- Noble family: Borjigin
- Spouse: Ghurbatai Güregen
- Father: Abaqa Khan
- Mother: Bulujin Egechi

= El Qutlugh Khatun =

Early 14th century Ilkhanate princess

El Qutlugh Khatun (ايلقتلغ; ) was the daughter of Abaqa Khan (r. 1265–82), the second Mongol ruler of the Ilkhanate. Her story, included in Khalīl ibn Aybeg al-Ṣafadī's (around 1297-1363) bibliographic dictionary, sheds light on changing gender norms during the widespread conversion in the Ilkhanate to Islam.
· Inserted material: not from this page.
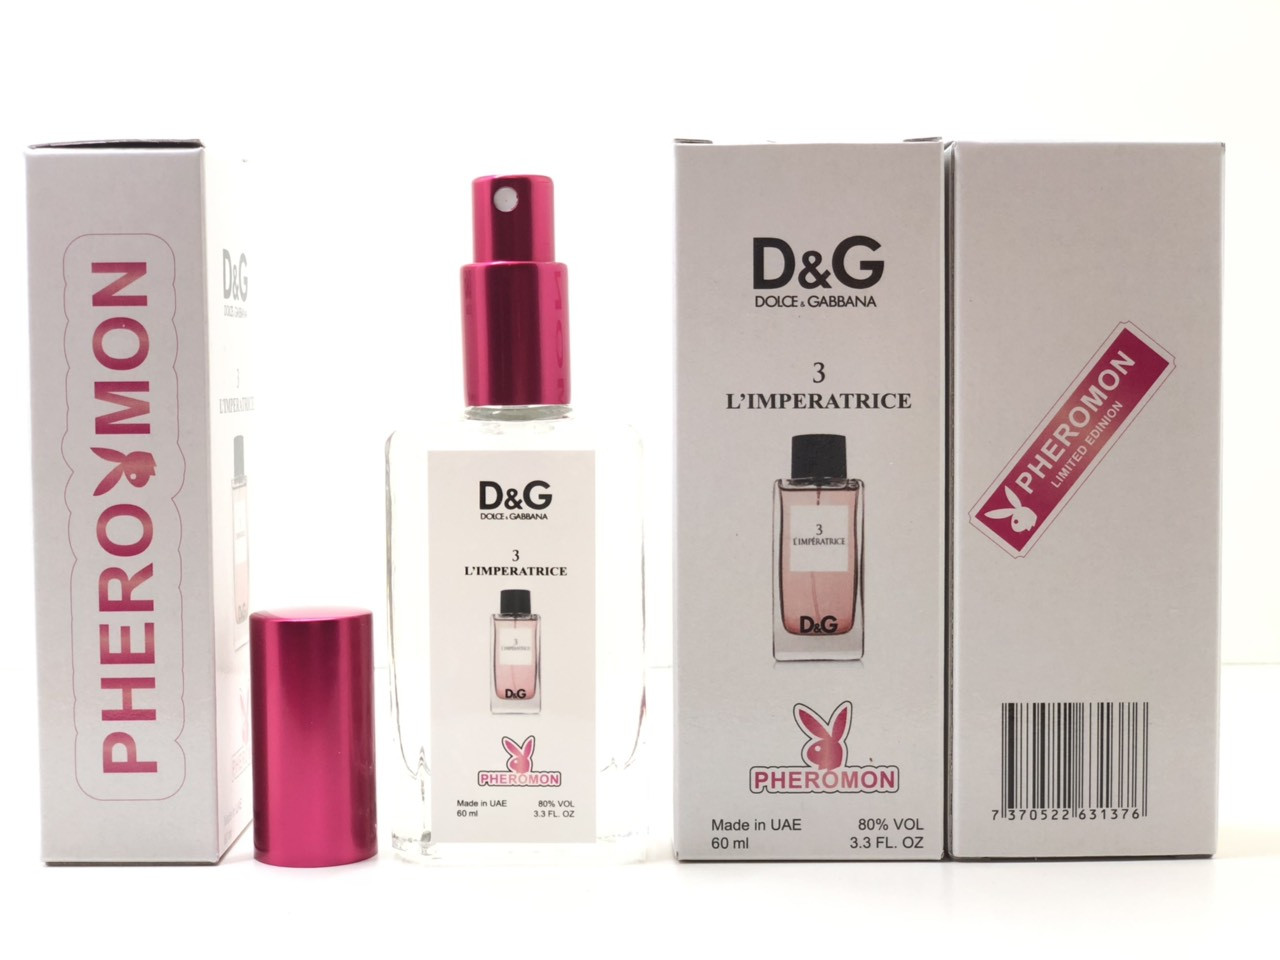 Женский парфюм Dolce & Gabbana L'Imperatrice №3 (реплика) тестер 60 ml в цветной упаковке с феромонами

Her story also depicts the status of women during the period.

==The Hajj==
It is unclear how many women went on the Hajj during the pre-modern era. According to al-Ṣafadī', however, El Qutlugh was one of the women who did make the journey. She travelled on horseback (not in a palanquin fastened to a camel) with a quiver of arrows at her waist. There were differences in her journey in comparison to the wives of senior Mamluk officials from the same period. Her Hajj trip took place in 1323.

== Family ==
She was married to Ghurbatai Güregen from the Hushin tribe. Her husband was active during Arghun and Gaykhatu's reign, and supported the latter during Baydu's revolt. He also had two children named Beglemish and Bitigchi, although it is not known if El Qutlugh was their mother. Ghurbatai was murdered some time after Gaykhatu's reign and El Qutlugh was known to have avenged him, however exact date is not known.

== Ghazan's death ==
Mamluk sources credit her with inciting Bulughan Khatun to poison Ghazan Khan.